Le précédent de 2015, quand les manifestations pacifiques contre le troisième mandat de Nkurunziza ont dégénéré en crise sécuritaire et en tentative de coup d’État, illustre cette dynamique dangereuse. En verrouillant davantage le système, le pouvoir actuel crée ou multiplie les risques d’embrasement.
Un test décisif pour la gouvernance internationale
Cette exception burundaise interroge fondamentalement la communauté internationale sur sa capacité à réagir face aux dérives autoritaires les plus extrêmes. Si un pays peut impunément éliminer toute opposition parlementaire sans conséquences majeures, c’est le principe même de la gouvernance démocratique qui s’en trouve fragilisé à l’échelle régionale.
Plus troublant encore : le 27 juillet 2025, soit un mois après des élections où un parti unique a raflé 100% des sièges, l’Union africaine a nommé le président burundais Évariste Ndayishimiye comme "envoyé spécial pour le Sahel", chargé de "promouvoir le dialogue, forger le consensus et élaborer des stratégies globales" pour la paix dans la région.
Cette nomination révèle une contradiction saisissante : comment une organisation continentale peut-elle confier une mission de médiation démocratique à un dirigeant qui vient précisément d’éliminer toute forme de pluralisme dans son propre pays ? L’UA cautionne-t-elle implicitement le modèle autoritaire burundais en récompensant son architecte d’une responsabilité continentale majeure ?
L’urgence d’une réponse collective
La communauté internationale dispose pourtant d’instruments pour réagir. Mais leur efficacité dépend de leur application coordonnée et déterminée.
L’enjeu dépasse le seul cas burundais : il s’agit de défendre le principe selon lequel certaines lignes rouges ne peuvent être franchies sans conséquences. L’élimination totale de l’opposition parlementaire dans un système prétendument démocratique constitue l’une de ces lignes.
En Afrique de l’Est, l’autoritarisme progresse sous diverses formes - répression sélective, manipulation électorale, restriction des libertés. Mais nulle part ailleurs il ne s’exprime avec autant de radicalite qu’au Burundi.
En éteignant les dernières lueurs du pluralisme parlementaire, le régime du CNDD-FDD prend le risque de replonger le pays dans une spirale d’exclusion et d’instabilité. L’ironie de l’histoire est saisissante : ce parti, né de la lutte armée contre l’exclusion et le monopartisme de l’UPRONA, reproduit aujourd’hui les mêmes travers qu’il avait combattus les armes à la main…

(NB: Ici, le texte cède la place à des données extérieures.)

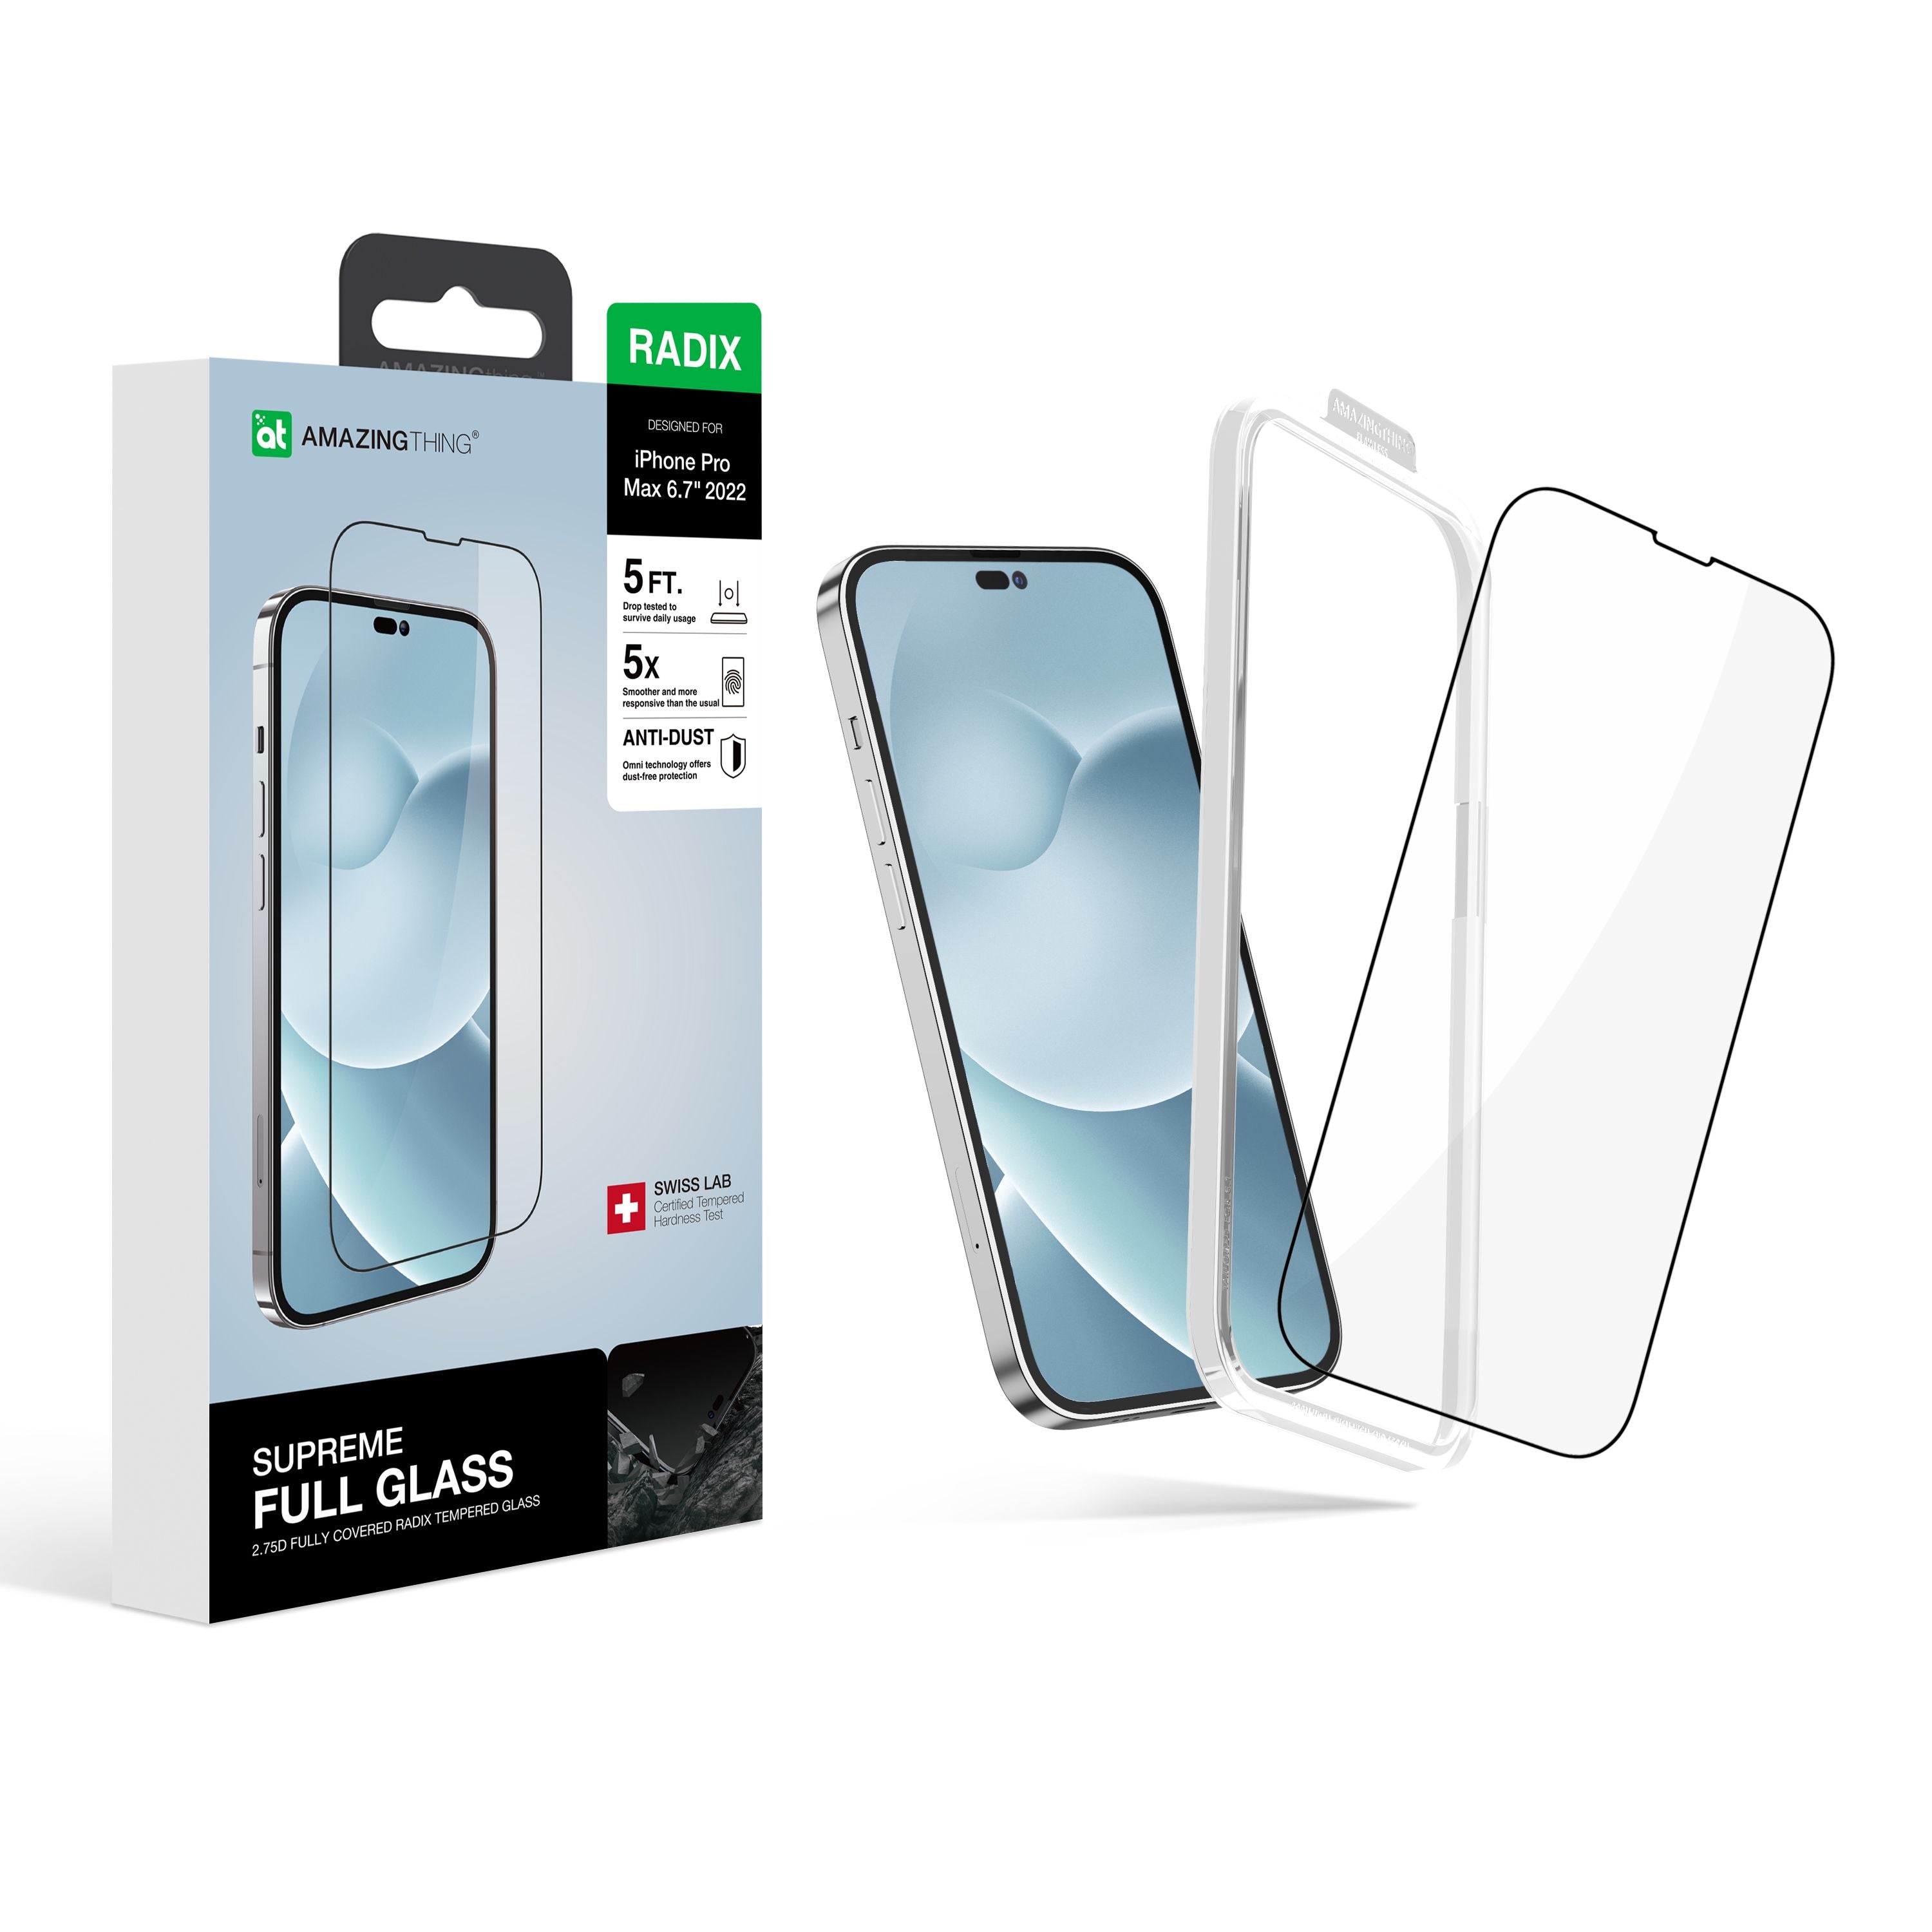 AMAZINGthing 2.7D Full Radix Glass Screen Protector for iPhone 14 6.7 Pro Max
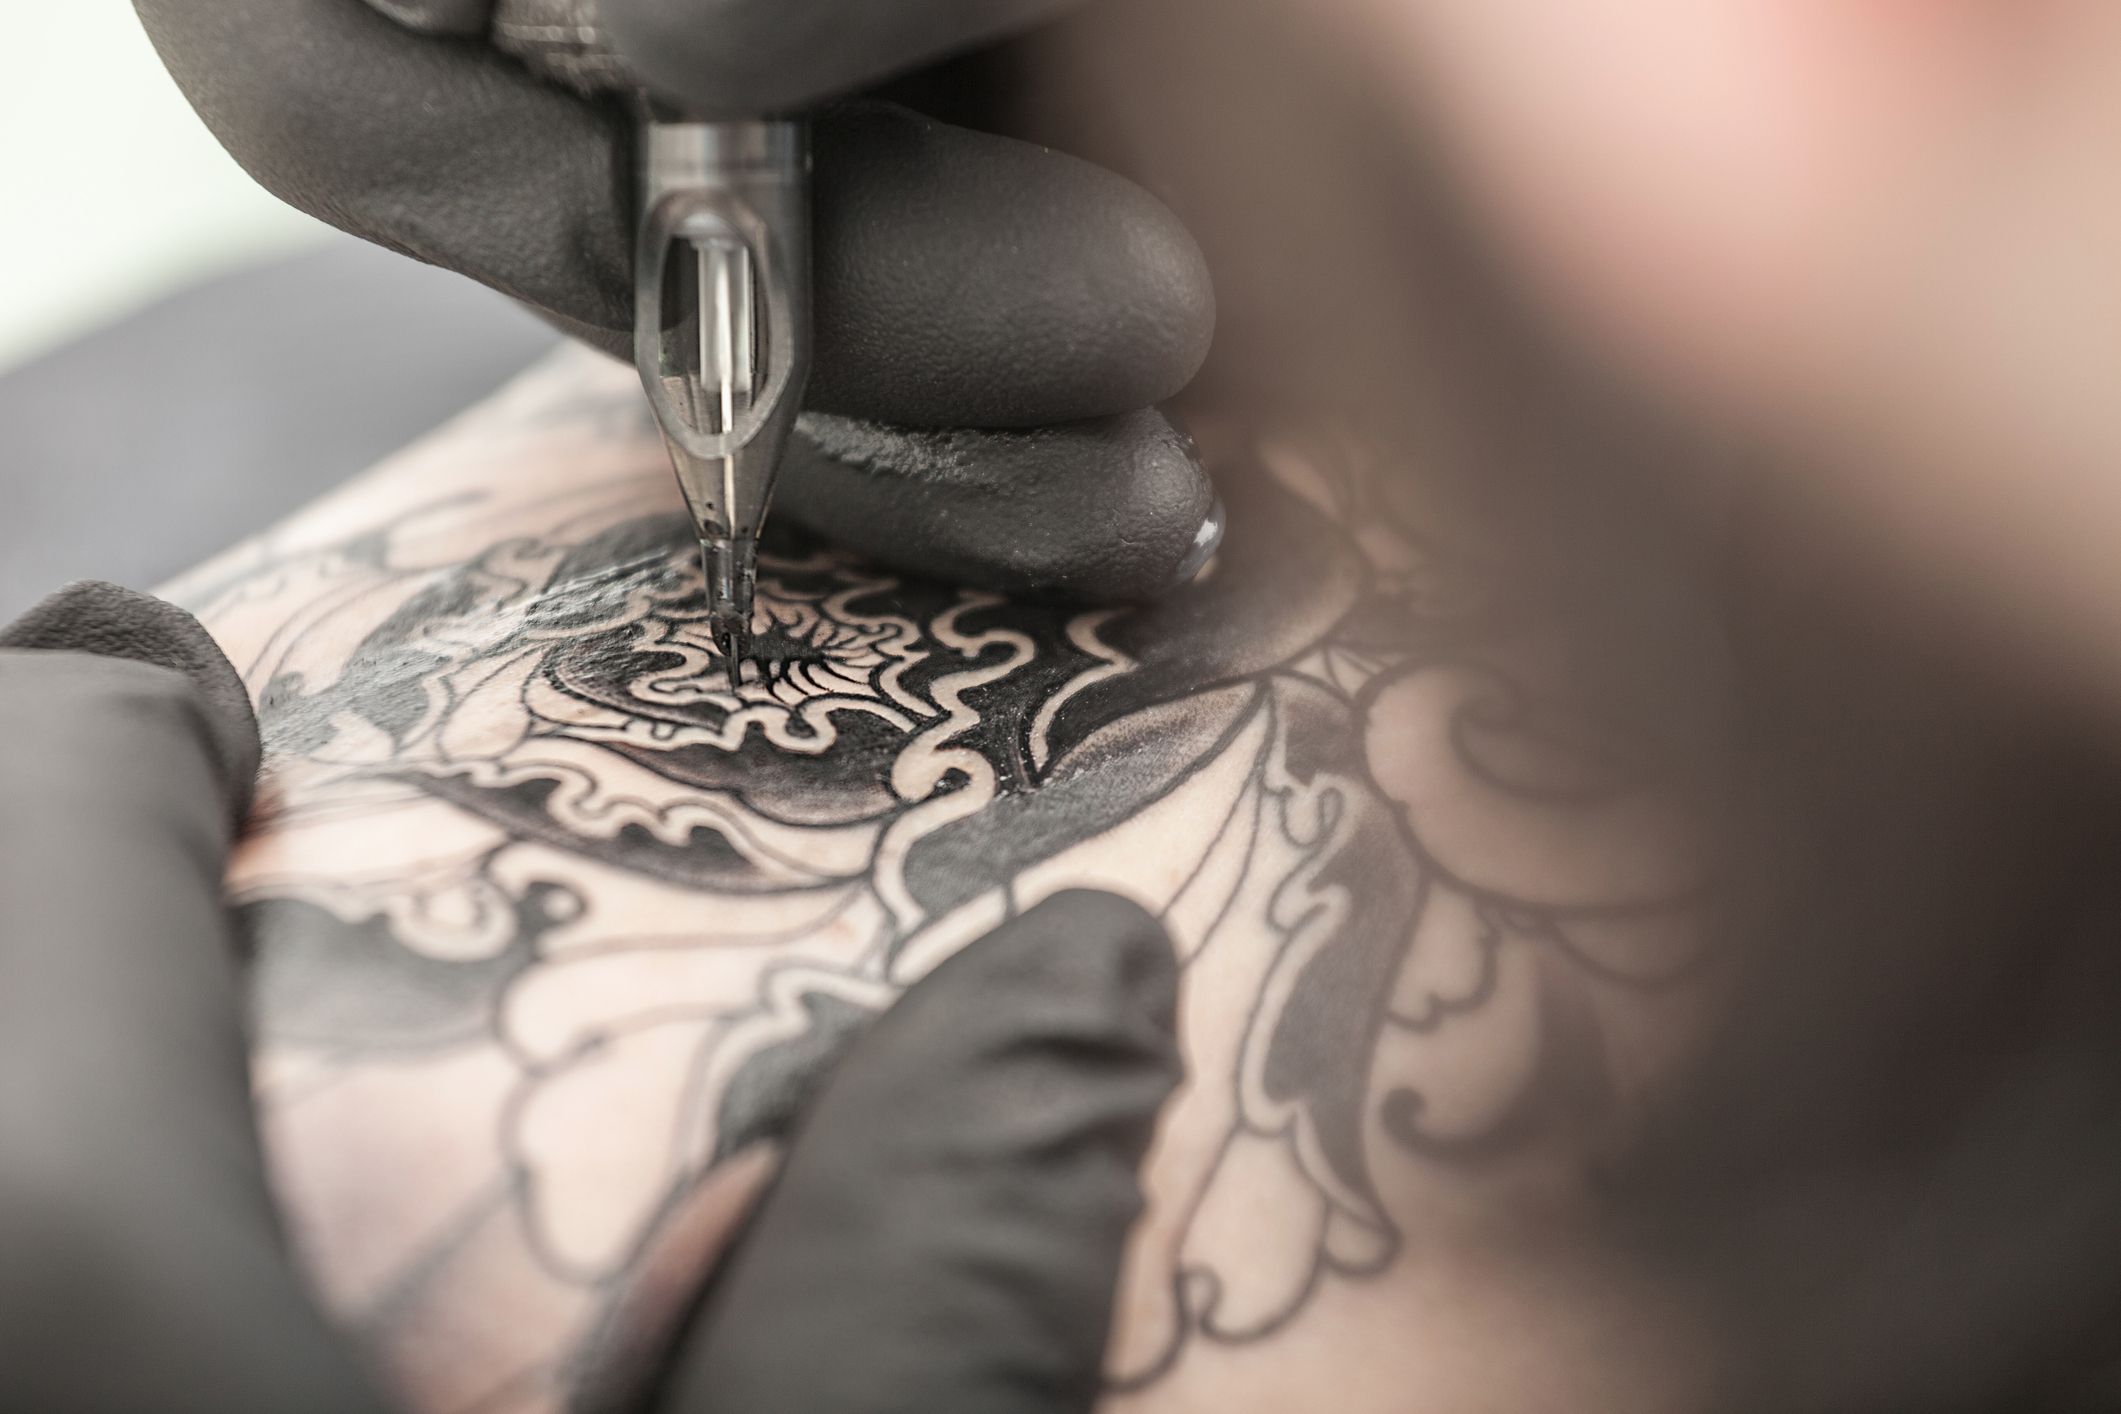 How To Treat An Infected Tattoo | Infected tattoo, Picture tattoos, Tattoos

Analyse froide certes mais moi mon cœur ne bat que pour les médias qui essaient encore de faire correctement leur travail d'informer. Je m'inquiète parce qu'ils vont se retrouver très exposés, au devant de la scène si pas dans une sorte d'arène pour réclamer à accomplir leur mission selon les règles de l'art. Il y a désormais une épée de Damoclès suspendue au-dessus de leur tête, du moins ceux qui s'efforcent à rester débout. Je ne me fais pas d'illusion, il y a toujours eu cette épée
Intéressant, Antoine, mais je ne suis pas complètement d'accord. Le Rwanda l'a franchie depuis plusieurs années - oui, le parti vert démocrate est un parti qui a dans le passé osé contredire le FPR, mais elle n'est qu'au parlement depuis 2018. Avant cela, il n'y avait que des partis qui s'alliaient complètement au FPR, sans la contredire, comme le PL et PSD.